Koku sol tarafımda kalan yastıktan geliyordu. Dün gece bu yatakta beraber uyumuştuk. Sanki her şey rüya gibiydi, ona güvenip sıkıca sarılmıştım. Üstüm, evim, yatağım hâlâ Savaş kokuyordu. Yastığı kendime çekip yüzümü gömdüm. Kokusunu ciğerlerime doldurmak istiyordum.
“Sanırım sıra senin küçük kız, gerçi ben onu saatlerce yordum. Artık sana ne kaldıysa.” kulaklarımı tırmalayan Gülin’in iğrenç sesiyle yastığı tutup odanın ortasına fırlattım.
Kırılan kalbimin sesi, Zaten ne sanmıştın ki beraber olabileceğinizi mi ? Dün gece bir rüyaydı ve siz uyandığınızda rüya bitti diye çemkirdi.
O sese hak verip artık uykuya dalmak için gözlerimi kapattım. Yarın yeni bir işe başlıyordum ve kendime Madrid’de verdiğim sözü tutacaktım. Savaş yarından itibaren artık hayatımda yoktu.
Uyandığım andan beri hâlâ uykuya dalamamıştım. Komodinin üzerinde ki saate baktığımda üç olduğunu gördüm. Adam gündüzümü zehir etmişken gecemi de zehir etmişti. Onu düşünmekten bir türlü uyuyamıyordum.
Kapının anahtar deliğinin zorlanma sesiyle irkilip yatakta doğruldum. Evime hırsız mı giriyordu !

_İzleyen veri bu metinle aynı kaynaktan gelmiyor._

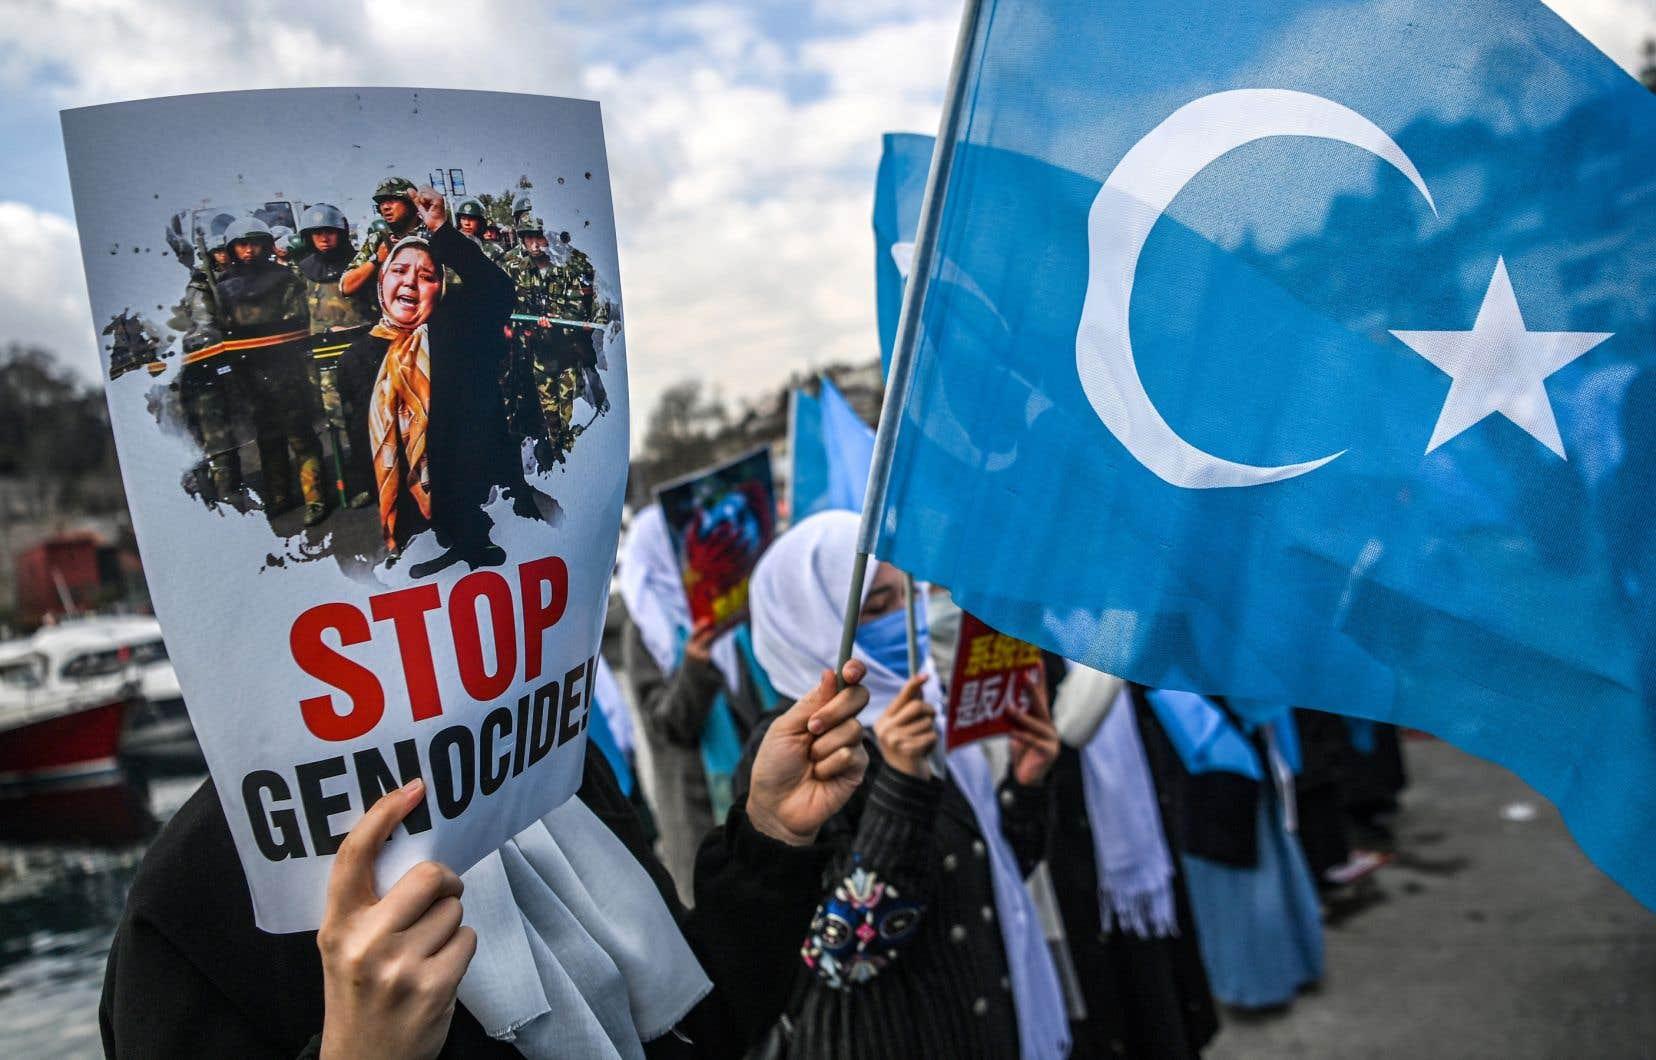 Des manifestations contre l'exploitation de la minorité ouïgoure en Chine ont lieu partout dans le monde, comme ici en Turquie.
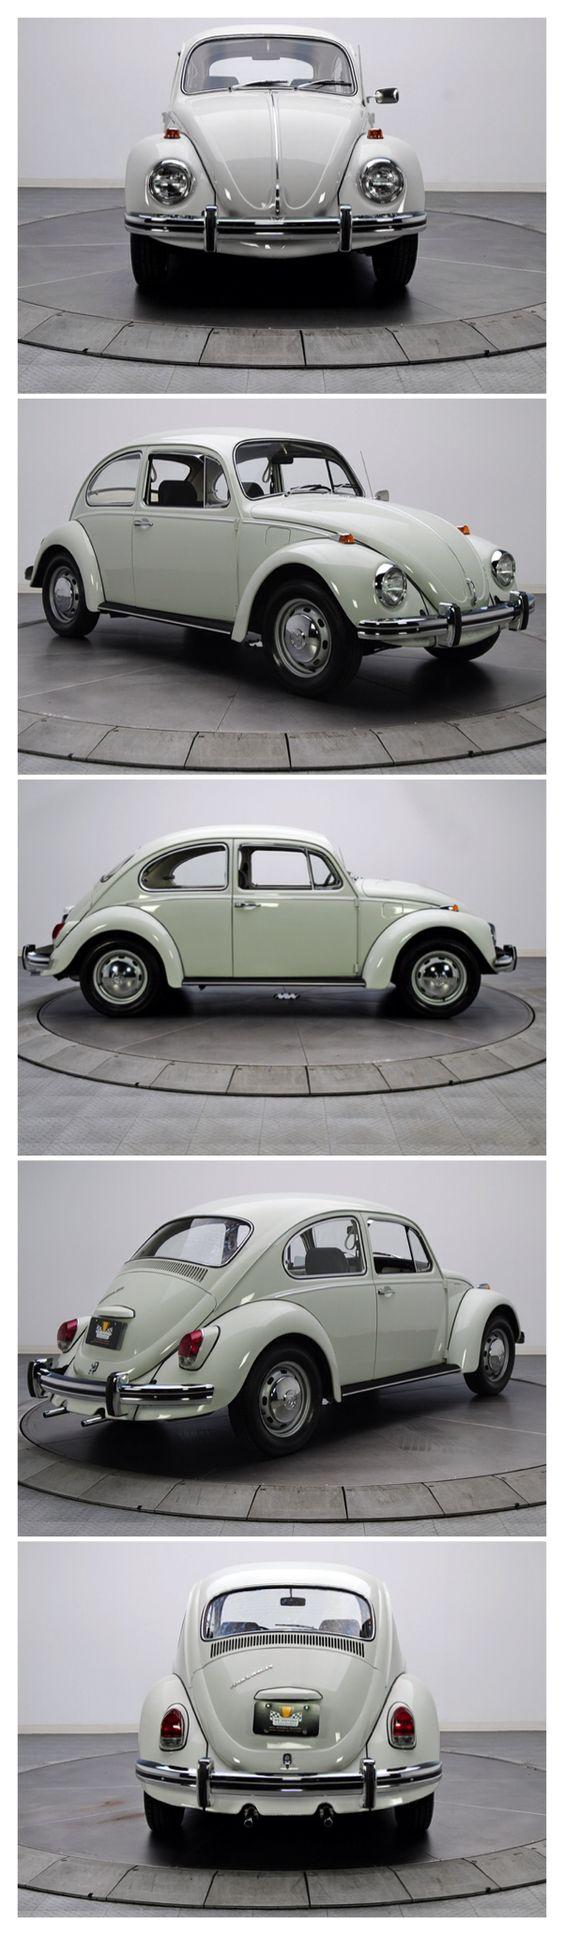 1969 Käfer

İçimi büyük bir korku kaplamıştı. Daha önce başıma hiç böyle bir şey gelmemişti. Beni ele geçiren panik duygusunu yatıştırmak için derin nefes alıyorum, aklıma polisi aramak geliyor ama Kahretsin ki telefonum bile yanımda yoktu…
Ellerim titriyordu, kaygı ve şok bedenimi ele geçirmeye çalışırken alnıma ter taneciklerinin biriktiğini hissettim.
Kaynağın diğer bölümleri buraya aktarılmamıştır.